Урс был готов исполнить ее желание. Хотя у ворот стоят преторианцы, однако это не помешает ему пройти. Солдаты не задерживают выходящих. Перед сводом въезда носилки кишат точно муравейник. Люди станут выходить целыми толпами. Никто не задержит их. Они выйдут вместе с народом, – и пойдут прямо домой. Впрочем, ему нечего рассуждать! Как царевна прикажет, так и будет. Он затем и находится здесь, чтобы исполнять ее желания.
А Лигия повторяла:
– Да, да, Урс, уйдем.
Актея понимала, что надо образумить их. Конечно, они могут выйти! Никто не задержит их. Но из дома цезаря скрываться бегством запрещено, и кто делает это, виновен в оскорблении величества. Они уйдут, но к вечеру центурион во главе отряда солдат принесет смертный приговор Авлу и Помпонии Грецине, а Лигию водворят обратно во дворец, – и тогда ничто уже не спасет ее. Если Авл и его жена примут ее в свой дом, смерть постигнет их неизбежно.

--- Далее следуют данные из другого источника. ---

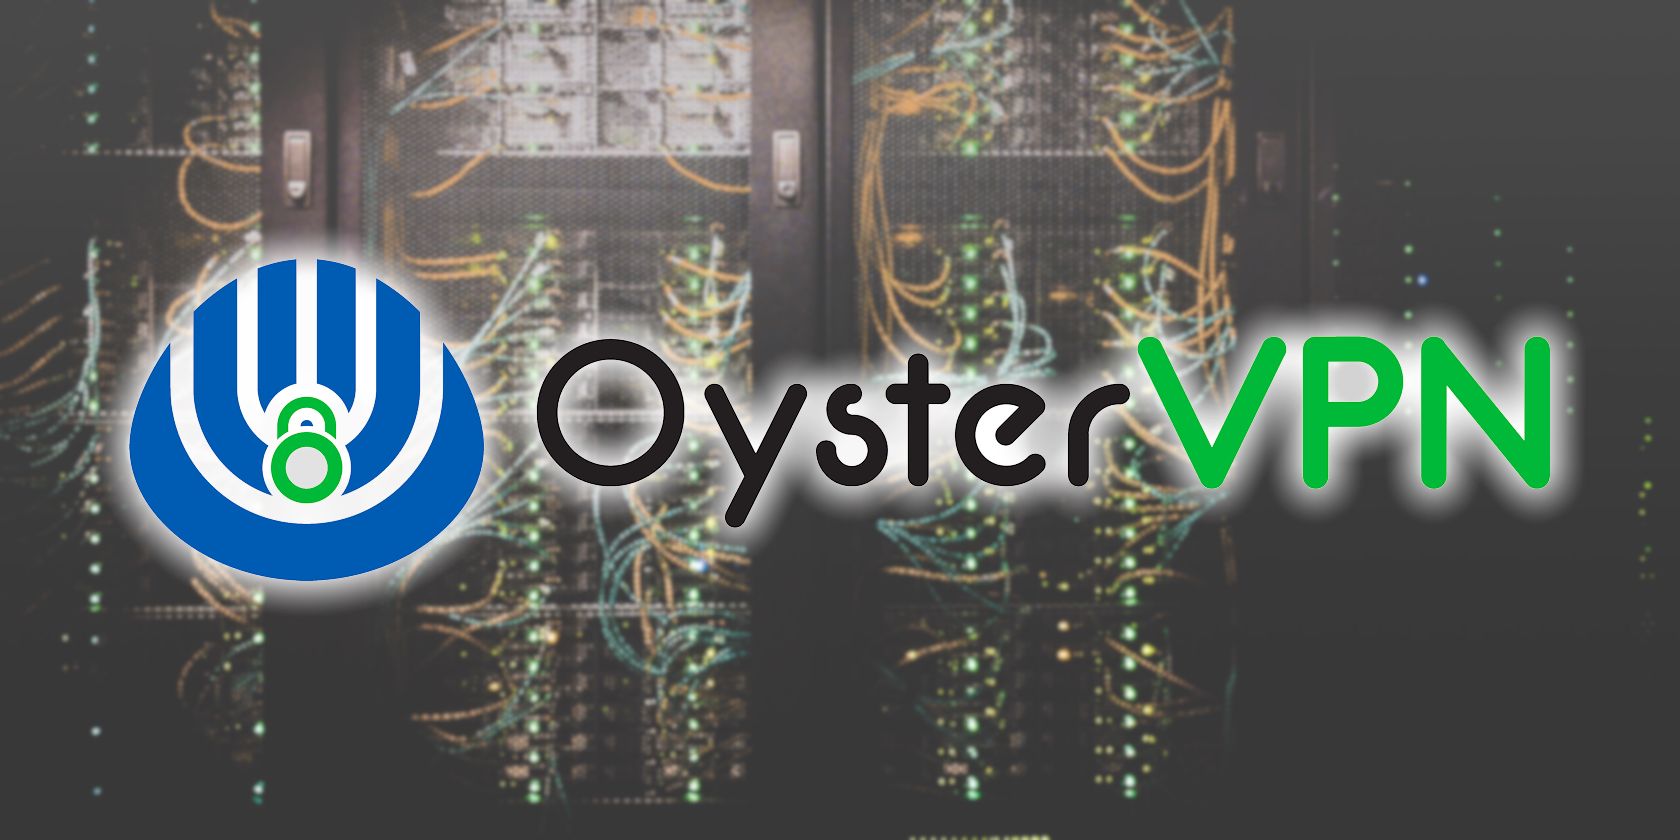 oystervpn logo on server mounting background feature
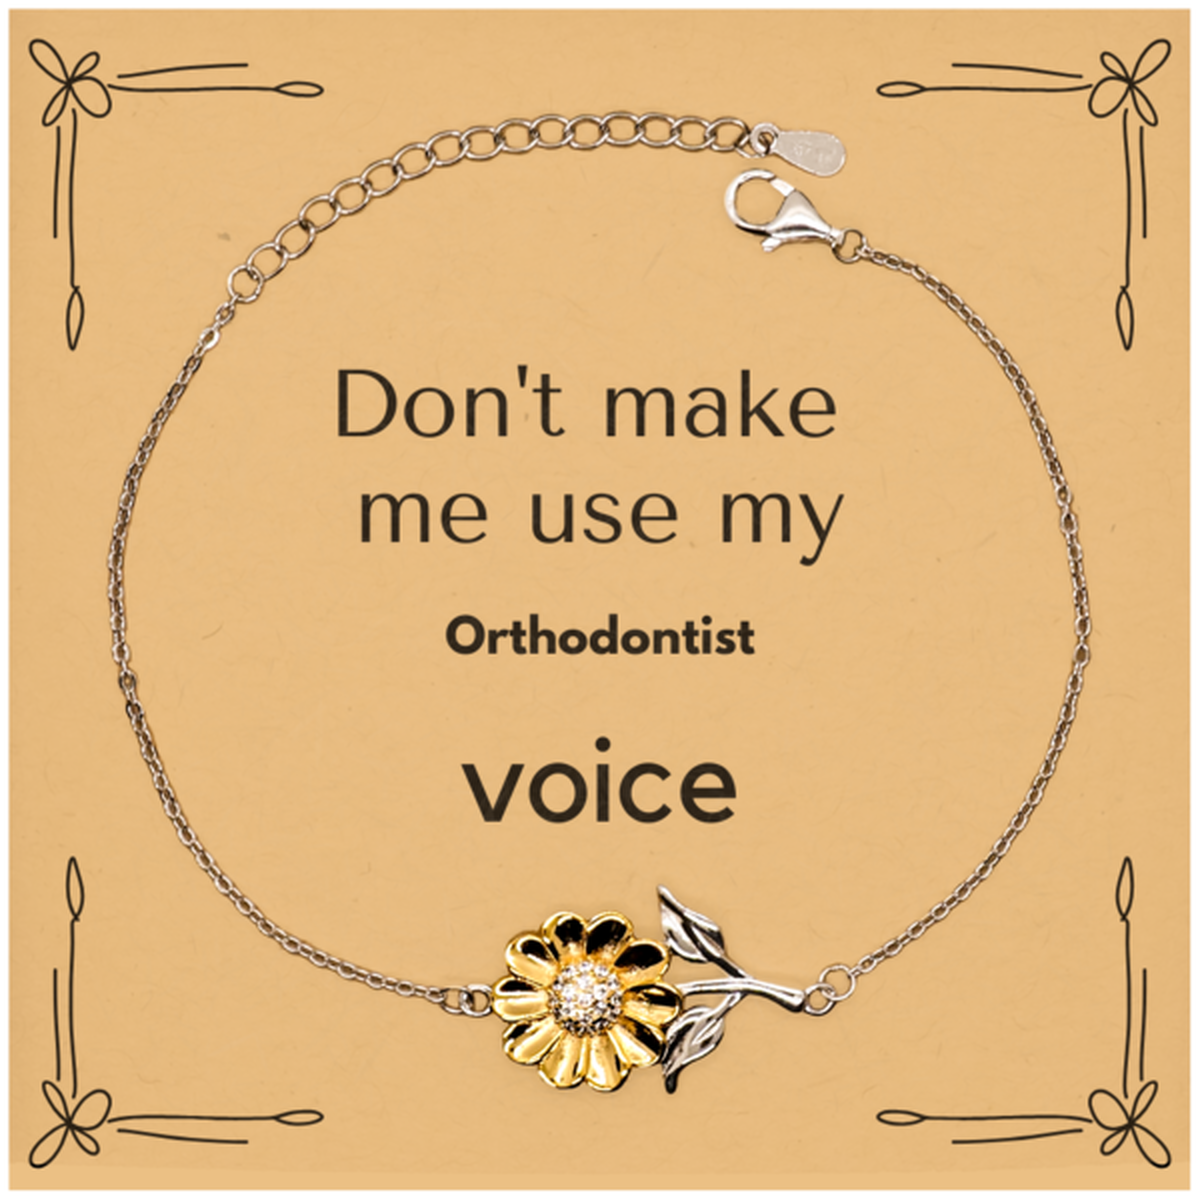 Don't make me use my Orthodontist voice, Sarcasm Orthodontist Card Gifts, Christmas Orthodontist Sunflower Bracelet Birthday Unique Gifts For Orthodontist Coworkers, Men, Women, Colleague, Friends

У Лигии опустились руки. Спасения нет. Она принуждена выбирать между гибелью Плавциев и своею. Идя на пир, она надеялась, что Виниций и Петроний выпросят ее у цезаря и отдадут Помпонии, теперь же она знает, что они-то именно и подговорили цезаря отобрать ее от Авла. Спасения нет. Только чудо может извлечь ее из этой пропасти – чудо и власть Господня.